BAMF- Broken Arrow Mercenary Force Omnibus
Page 44
“Could be fun,” Catalina mused.
“Just let me do the talking,” Nate told them.
The ATV pulled up beside the locomotive, the engine dying with a final, sputtering cough. The rider was dressed in jeans and a T-shirt beneath a military-style tactical vest, with a compact handgun holstered on the left side of the vest. A nylon sheath in woodland camo was fastened to the side of the ATV, the wooden stock of a shotgun protruding from the end of it. The rider pulled off the visored helmet and long, brown hair spilled out in a wild tangle.

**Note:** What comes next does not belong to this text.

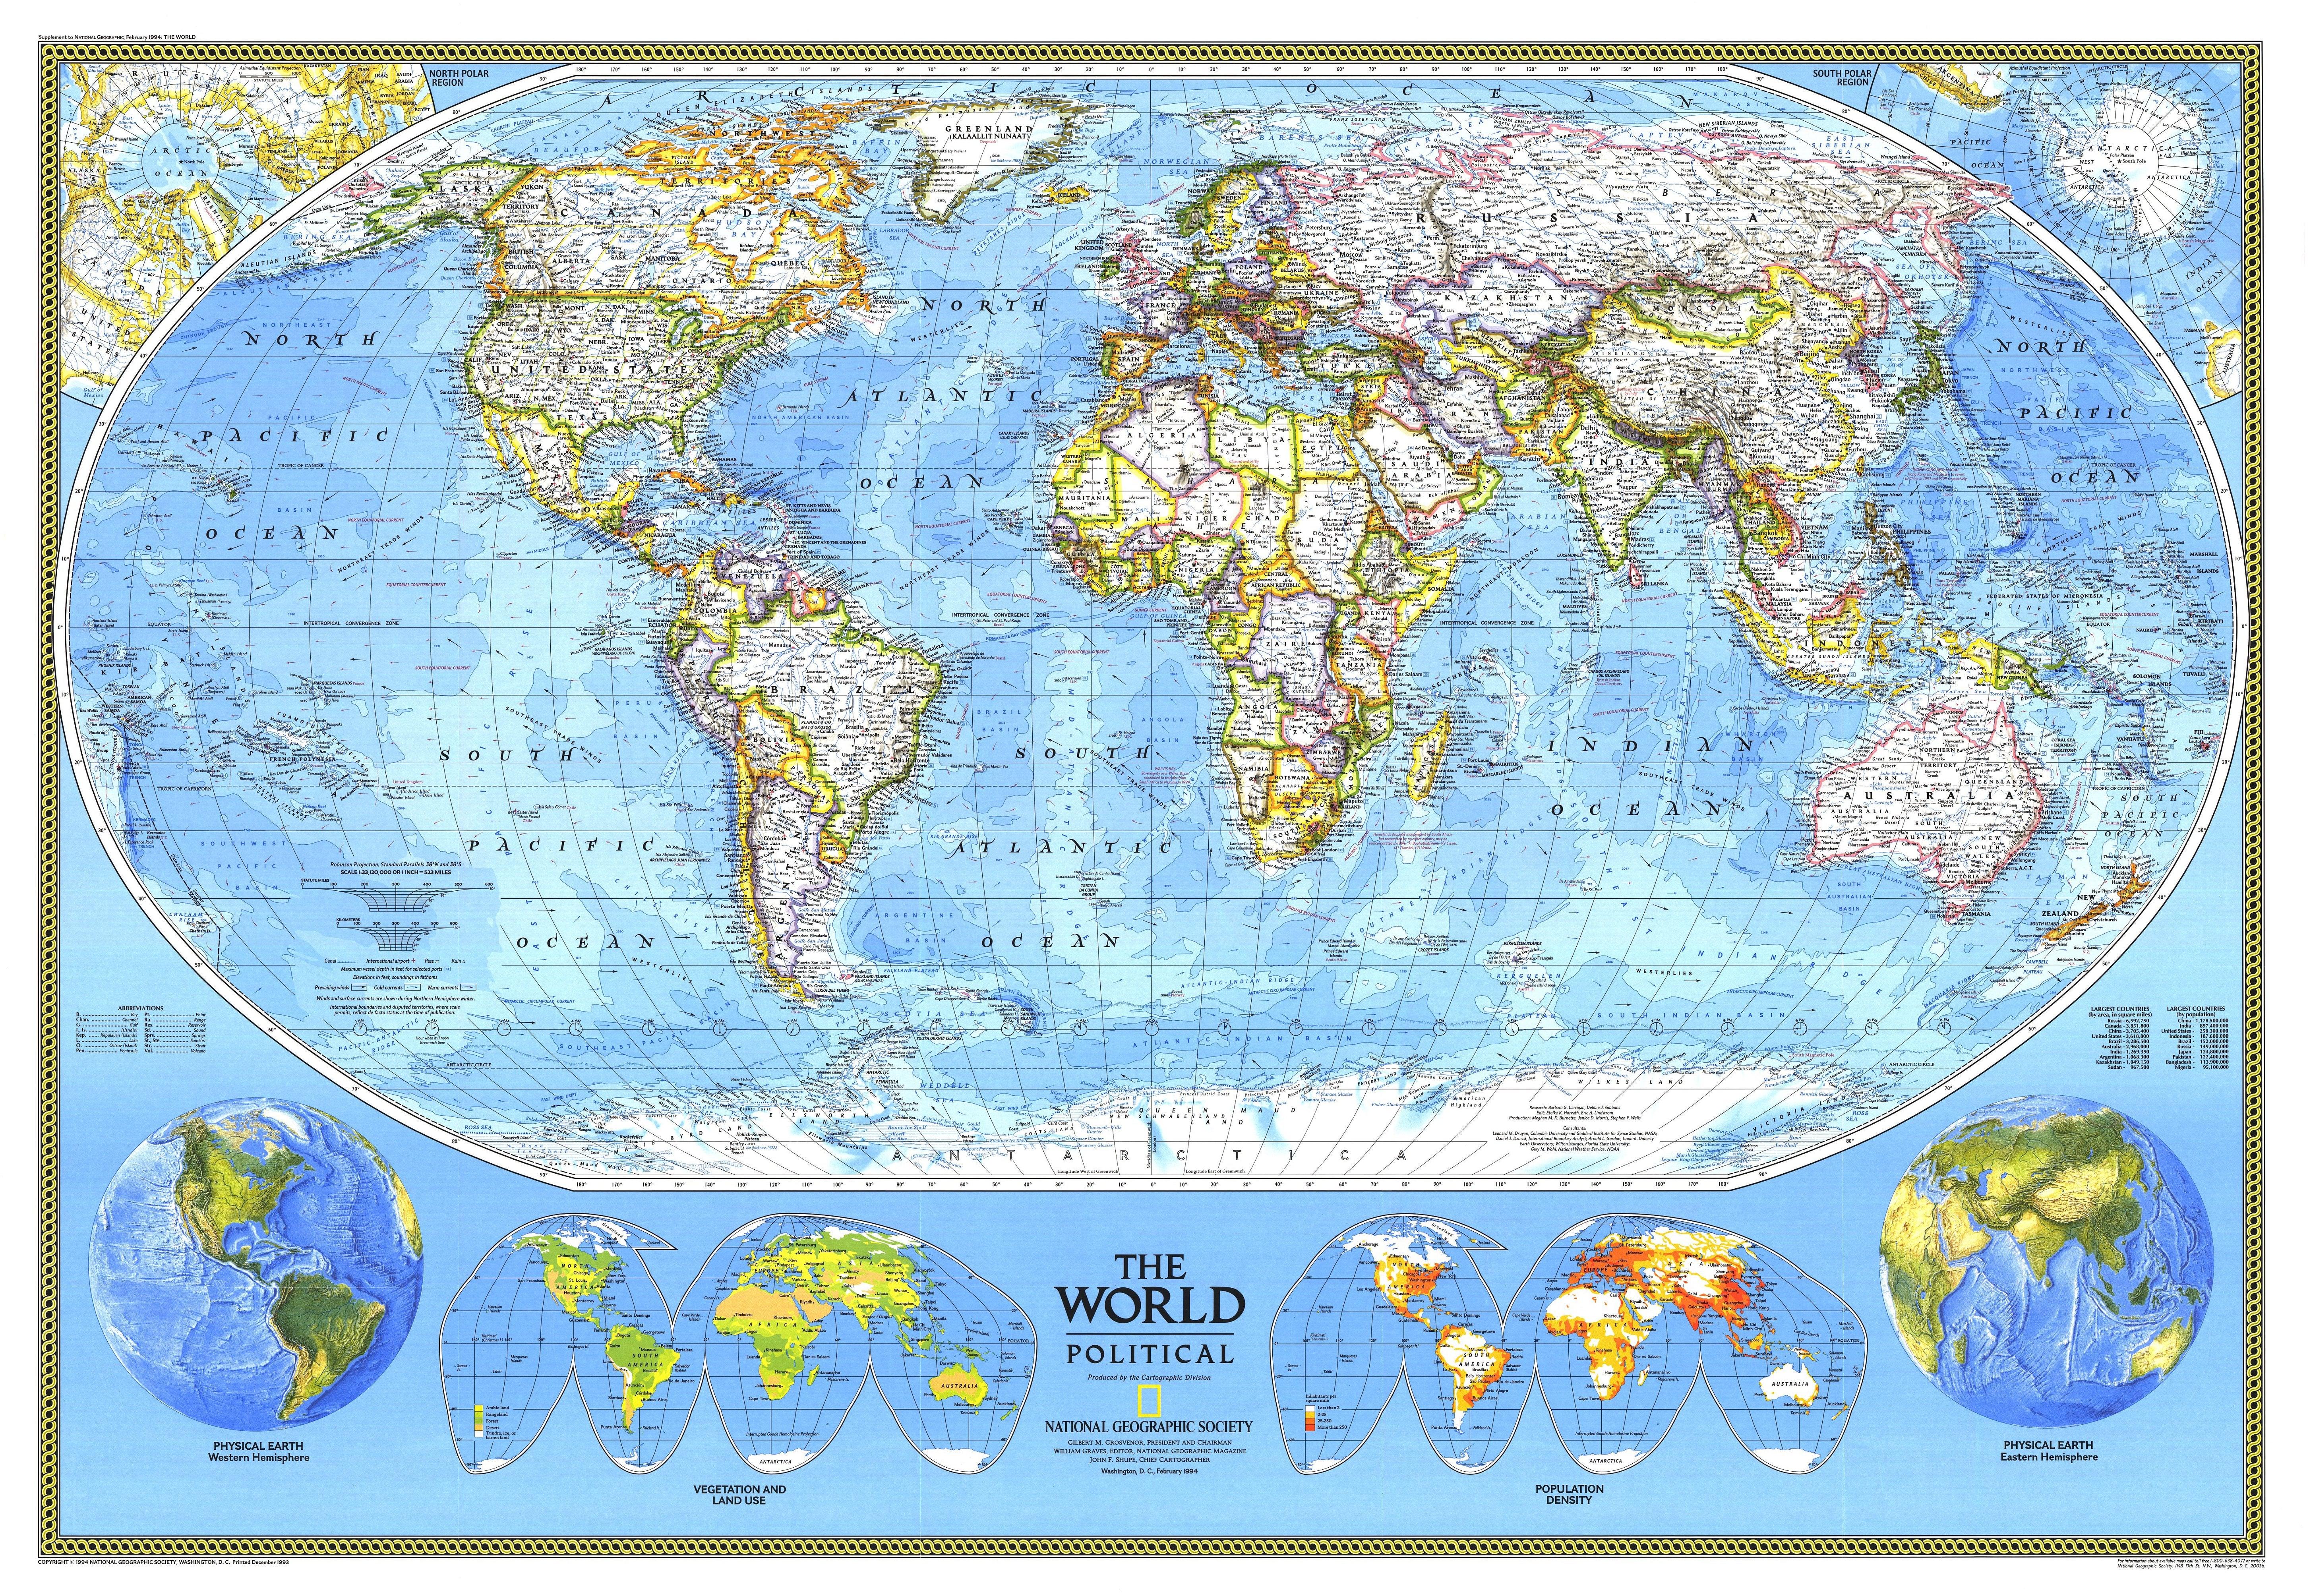 Pics of world political map

She was not unattractive, Nate admitted, in a rough, road-worn sort of way. She looked thirty-something but was probably in her twenties, though the missing teeth when she smiled aged her even more than the lines beside her eyes and mouth.
“Y’all wanna pass by here,” she said, her Kentucky accent strong, “there’s goin’ to be a toll.”
“And who are you people?” Nate asked her. “You represent one of the local towns?”
“We represent the holler,” she told him with a cackle. “It’s over yonder,” she added, jerking a thumb over her shoulder.
“And what’s the holler’s cut today, miss?”
“Whatever you’re carrying,” she told him, “we’ll take half of it.”
Nate barked a laugh.
“That’s pretty ballsy of you. What if we haul you off that toy and put a gun to your head to get through instead?”
“I ain’t that important, mister,” she assured him, waving the idea off with a chuckle. “You kill me, all it’ll do is make the boys mad.”
“We’re not giving you half of our load,” Nate told her. Not least because all we’re carrying is mechs and ammo. “We have a case of T-rations, never opened. You can have ‘em if you let us through.” He shrugged. “And some pot. There was ten kilos of it, but I think our guys might have smoked some. You’re welcome to the rest of it. That’s the best we can do.”
“We ain’t throwin’ a fucking cocktail party, mister,” she protested. “Shit. I’ll go tell the boys and see what they say, though. Y’all wait right here.”
The woman slipped her helmet back on and started the ATV, which took five attempts before the engine turned over. She turned it back toward the intersection and goosed the throttle, the old rattletrap screaming in protest at the effort.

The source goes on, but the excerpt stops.